Would you please return the lines of the entries below starting at the line that has "Appartamento in vendita" and ending at the line that has "На Patreon рассылка", both included, exactly as they are?

Data under study
################

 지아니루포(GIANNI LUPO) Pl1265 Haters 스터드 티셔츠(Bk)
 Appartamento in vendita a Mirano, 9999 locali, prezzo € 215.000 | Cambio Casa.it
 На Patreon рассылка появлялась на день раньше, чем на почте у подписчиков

################

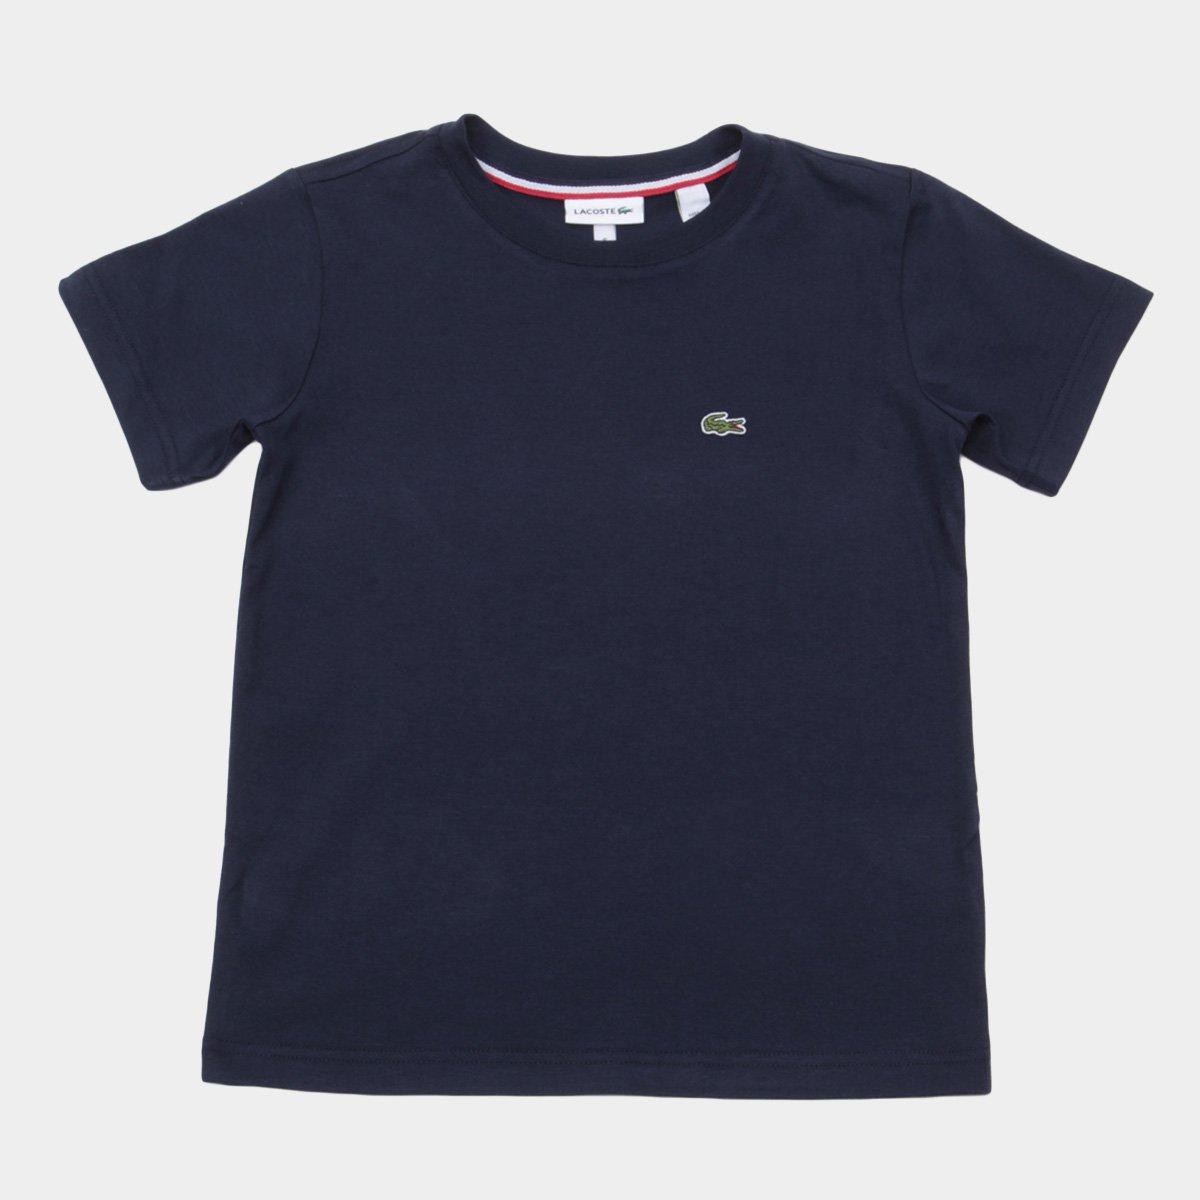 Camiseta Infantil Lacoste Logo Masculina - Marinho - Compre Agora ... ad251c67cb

################

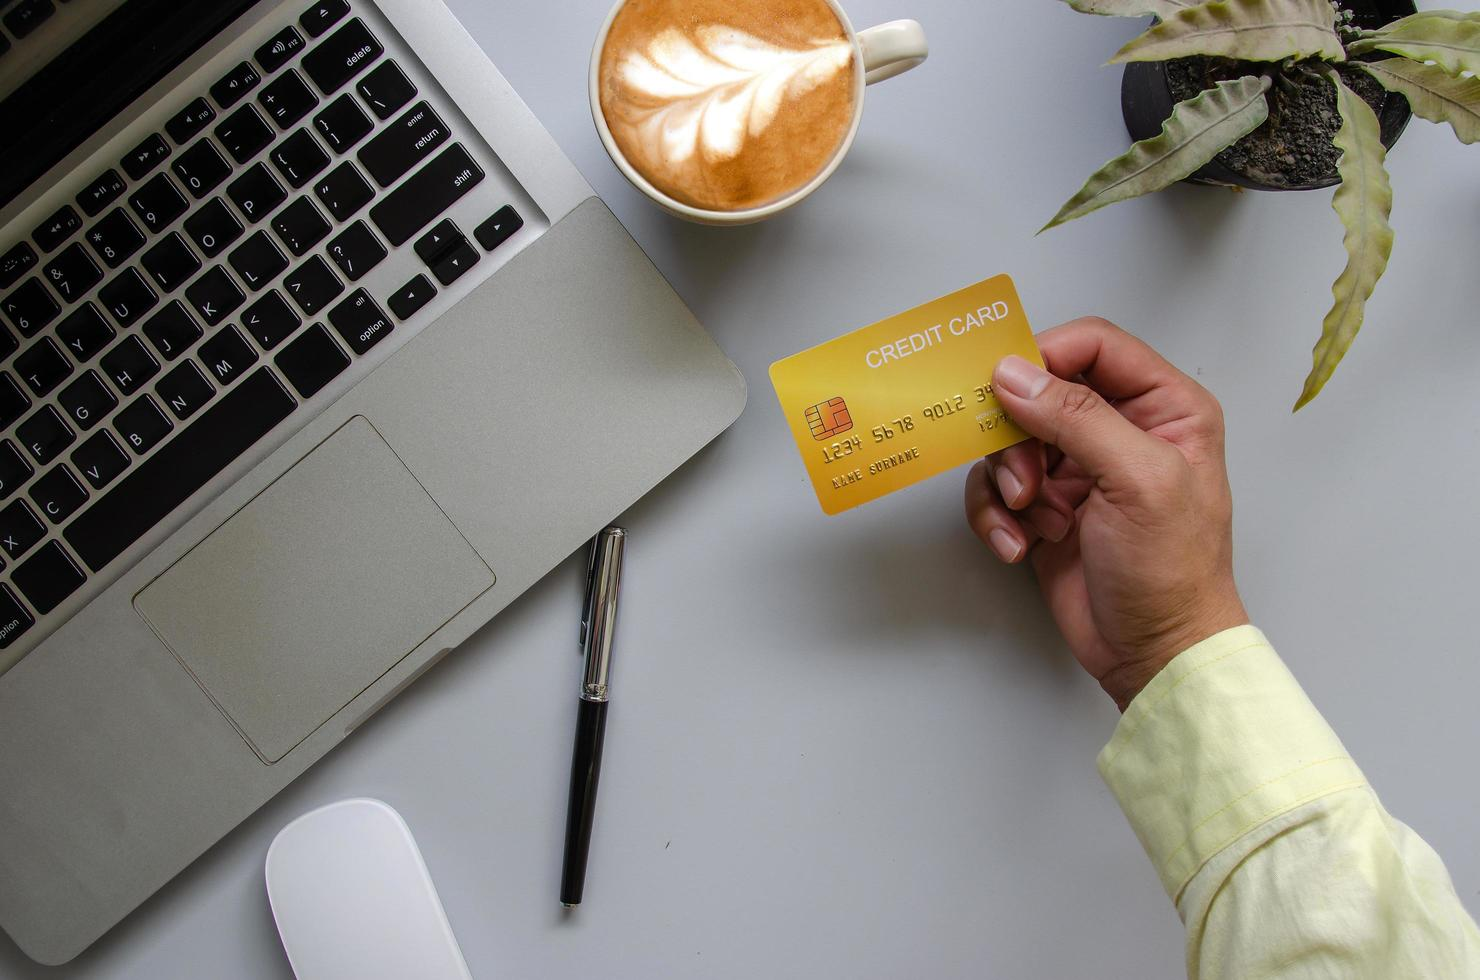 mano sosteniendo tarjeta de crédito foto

################

Reply
 Appartamento in vendita a Mirano, 9999 locali, prezzo € 215.000 | Cambio Casa.it
 На Patreon рассылка появлялась на день раньше, чем на почте у подписчиков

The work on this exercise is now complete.